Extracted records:
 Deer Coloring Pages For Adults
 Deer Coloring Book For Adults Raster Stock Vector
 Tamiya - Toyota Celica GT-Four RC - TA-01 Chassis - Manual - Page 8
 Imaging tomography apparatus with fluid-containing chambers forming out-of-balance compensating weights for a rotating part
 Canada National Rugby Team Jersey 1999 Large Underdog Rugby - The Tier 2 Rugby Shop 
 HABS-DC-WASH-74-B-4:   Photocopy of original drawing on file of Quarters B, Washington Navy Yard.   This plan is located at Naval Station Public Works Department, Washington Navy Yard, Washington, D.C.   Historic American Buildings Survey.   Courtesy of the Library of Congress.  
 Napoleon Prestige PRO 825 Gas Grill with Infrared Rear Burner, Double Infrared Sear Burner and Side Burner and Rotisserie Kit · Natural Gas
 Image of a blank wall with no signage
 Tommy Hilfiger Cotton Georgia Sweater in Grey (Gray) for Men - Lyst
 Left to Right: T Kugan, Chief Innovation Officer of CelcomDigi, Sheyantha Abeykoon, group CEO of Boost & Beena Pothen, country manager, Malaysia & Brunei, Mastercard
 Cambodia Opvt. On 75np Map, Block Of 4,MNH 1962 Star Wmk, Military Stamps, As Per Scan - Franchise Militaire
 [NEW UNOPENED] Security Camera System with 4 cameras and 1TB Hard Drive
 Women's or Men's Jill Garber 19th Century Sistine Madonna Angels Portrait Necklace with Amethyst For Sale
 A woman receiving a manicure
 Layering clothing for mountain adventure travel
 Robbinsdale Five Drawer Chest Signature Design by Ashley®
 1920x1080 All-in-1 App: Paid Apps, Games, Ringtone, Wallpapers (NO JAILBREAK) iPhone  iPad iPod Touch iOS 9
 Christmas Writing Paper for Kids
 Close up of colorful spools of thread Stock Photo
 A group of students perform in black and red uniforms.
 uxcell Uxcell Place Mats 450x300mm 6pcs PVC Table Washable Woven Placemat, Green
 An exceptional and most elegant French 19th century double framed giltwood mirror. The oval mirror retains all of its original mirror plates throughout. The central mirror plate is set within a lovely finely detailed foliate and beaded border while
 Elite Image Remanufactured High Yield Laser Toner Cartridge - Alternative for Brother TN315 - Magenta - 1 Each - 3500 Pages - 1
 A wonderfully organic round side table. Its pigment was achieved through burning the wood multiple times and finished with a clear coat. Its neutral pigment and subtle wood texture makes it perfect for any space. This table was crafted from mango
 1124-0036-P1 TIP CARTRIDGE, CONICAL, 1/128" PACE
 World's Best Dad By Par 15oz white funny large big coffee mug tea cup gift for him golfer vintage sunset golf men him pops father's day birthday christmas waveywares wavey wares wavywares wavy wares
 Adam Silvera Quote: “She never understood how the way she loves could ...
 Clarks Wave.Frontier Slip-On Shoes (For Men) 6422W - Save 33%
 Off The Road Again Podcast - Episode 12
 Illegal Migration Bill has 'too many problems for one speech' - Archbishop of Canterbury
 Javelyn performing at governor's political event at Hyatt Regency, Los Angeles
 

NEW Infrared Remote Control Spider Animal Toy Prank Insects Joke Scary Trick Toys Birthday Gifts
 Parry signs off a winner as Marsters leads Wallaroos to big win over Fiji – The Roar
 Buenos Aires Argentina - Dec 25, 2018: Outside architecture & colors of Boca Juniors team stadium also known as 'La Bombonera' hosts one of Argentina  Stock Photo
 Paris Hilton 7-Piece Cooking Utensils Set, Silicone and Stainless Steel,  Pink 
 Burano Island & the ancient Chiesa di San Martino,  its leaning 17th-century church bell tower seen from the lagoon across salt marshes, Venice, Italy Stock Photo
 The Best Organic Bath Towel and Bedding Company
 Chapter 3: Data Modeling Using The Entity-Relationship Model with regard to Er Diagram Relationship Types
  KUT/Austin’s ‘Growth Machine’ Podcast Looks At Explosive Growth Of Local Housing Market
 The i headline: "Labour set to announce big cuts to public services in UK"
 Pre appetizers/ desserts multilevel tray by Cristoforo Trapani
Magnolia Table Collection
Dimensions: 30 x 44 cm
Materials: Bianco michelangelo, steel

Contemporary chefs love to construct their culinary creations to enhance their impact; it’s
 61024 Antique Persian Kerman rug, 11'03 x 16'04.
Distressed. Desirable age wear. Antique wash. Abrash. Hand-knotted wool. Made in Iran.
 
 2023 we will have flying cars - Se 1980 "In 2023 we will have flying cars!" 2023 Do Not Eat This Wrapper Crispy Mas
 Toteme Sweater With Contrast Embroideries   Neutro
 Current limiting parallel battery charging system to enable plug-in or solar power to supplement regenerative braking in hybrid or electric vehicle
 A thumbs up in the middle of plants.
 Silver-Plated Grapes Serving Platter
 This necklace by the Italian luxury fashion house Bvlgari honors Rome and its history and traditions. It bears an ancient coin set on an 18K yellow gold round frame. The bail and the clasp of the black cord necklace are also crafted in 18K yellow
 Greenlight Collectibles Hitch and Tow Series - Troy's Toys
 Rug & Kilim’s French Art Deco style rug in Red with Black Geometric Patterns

→ **THE PROBLEM**
In the records above, how many lines contain the string "Podcast"? Only that number should be written.

→ **EXERCISE RESULT**
2